So see, it wasn’t that hard at all.

Har harr.

But. I mean. He’s a fucking bear, lady. The hell does he want with you?

It almost feels unfair to star rate this when, once I realized this was not the droid I was looking for, I went into it for the sole purposes of a lulz read and not seeking any literary value at all. But I’m giving it three stars for the entertainment value, knocking off two for the sheer badness (I actually had several problems with it as a Serious Novel), the racism, the sexism, the patented White NonsenseTM, the Canada WYD and Why You Do It, and the sheer level of WTFery inflicted on me and that I, by proxy, inflicted on several of my Twitter followers.

And I paid fucking money for this, y’all. I own it in paperback. So I’m gonna fucking review it.

To be honest, this is one of the most bizarre inner narratives I’ve ever read, and as I read I continuously had to stop and double-check the original publication date; it reads less like it was published in 1976 and more like it was published in 1876, as it brings with it that certain stolid pragmatism and clipped focus on particulars and affairs that so characterizes late Victorian era literature—including an almost wink-wink nod-nod feel in which the author assumes the reader understands certain matters of sophistication. Yet despite being a rather straightforward narrative, it’s also surreally disjointed, strange and prosaic, practical to the point of being nonsensical, hopping about aimlessly from one oxymoronically terse yet meandering exploration to another, building slowly with details that have little relevance other than to act as a framing for the eventual repositioning of the bear from cowed, dull-eyed pet to…um…intimate partner. I love a good slow burn and enjoy world-building details, but this wasn’t that.

I’m honestly not sure what it was, other than erratic, unfocused, and seeking to pad this out beyond the length of a short story consisting solely of ursine oral acrobatics.

It’s definitely an academic’s novel, which isn’t necessarily a bad thing—but the many oblique literary references can be alienating even to the most well-read. I mean. If the bear cunnilingus and overt bestiality aren’t already alienating. Different folks, different strokes. There’s also a really weird fixation on bodily functions, from the heroine (Lou) seeing fresh snow and immediately hurrying out to pee in it for the sole purpose and delight of “yellowing” snow…to repeated returns to the bear’s shite, her shite, everyone’s shite, the general idea of shite, right down to imagining Lord Byron playing with his “little turdies.”

Y’all, I’m not 100% sure Marian Engel wasn’t just trolling Canada.

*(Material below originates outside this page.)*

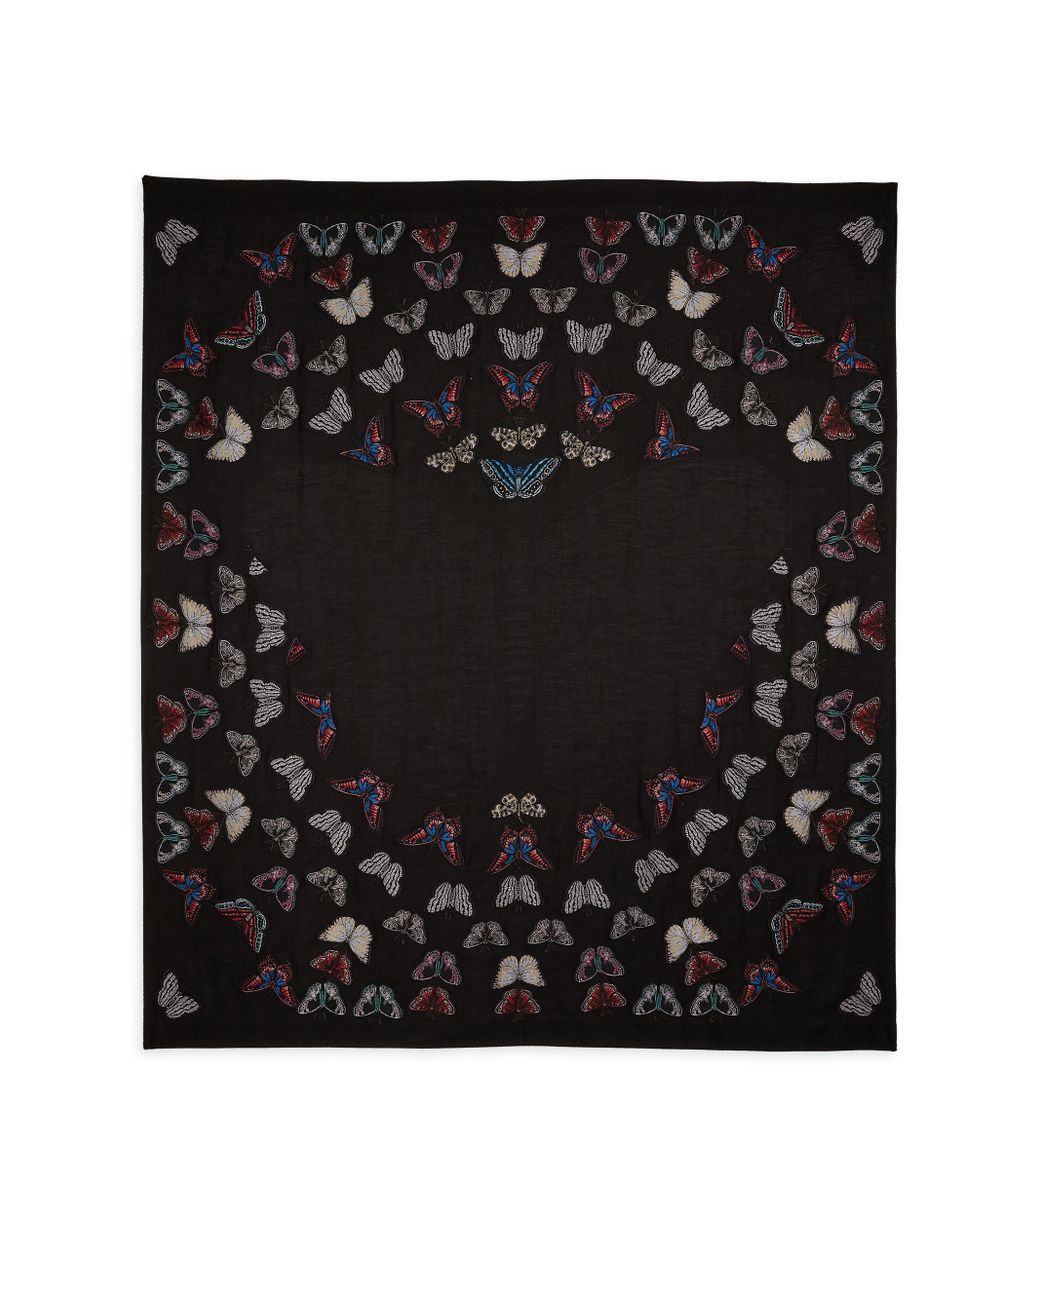 NWT $525 ALEXANDER MCQUEEN Metamorphosis Kaleidoscope Blue Butterfly Silk Scarf

But this actually brings me to the racism in the book (there’s a connection to the poo problem, just wait for it); naturally considering that it’s set in the northern reaches of Canada, we’re going to see mentions of First Nations people, called Indians by the good white Canadians and French-Canadians, a habit they share in common with Americans. Nearly every mention of the “Indians” comes rife with stereotype as a form of ignorantly good-natured denigration, a kind of “ha-ha we show we accept you by mocking you” elbow-nudge, which really doesn’t sit well with me even when I try to ignore it as a product of a less-informed time that didn’t have the social framework, language, or data points to understand why this was not okay. But what really bothered me was the character of Lucy: a 100-year-old, toothless First Nations woman who is…pretty much exactly what you’d expect. *sighs* The Esoteric Crone from the Tribe of the Other. She talks to the bear in some kind of mystical gibberish, and is painted as having some sort of connection with the bear that no one else understands. She seems ageless, immortal. She cares for the bear when no one else is around. At the end of the book and on Lou’s departure, the bear is once again delivered into Lucy’s hands as Lucy, off-page, lies dying, in so much heavy-handed symbolism I’m just not even going to bother. But when Lou first meets Lucy, Lucy passes on this little chestnut of wisdom in the expected broken, grinning, “comically” crude speech:

Lucy’s face crinkled with some inconceivable merriment. She did not look one hundred years old, only eternal. “Shit with the bear,” she said. “He like you, then. Morning, you shit, he shit. Bear lives by smell. He like you.”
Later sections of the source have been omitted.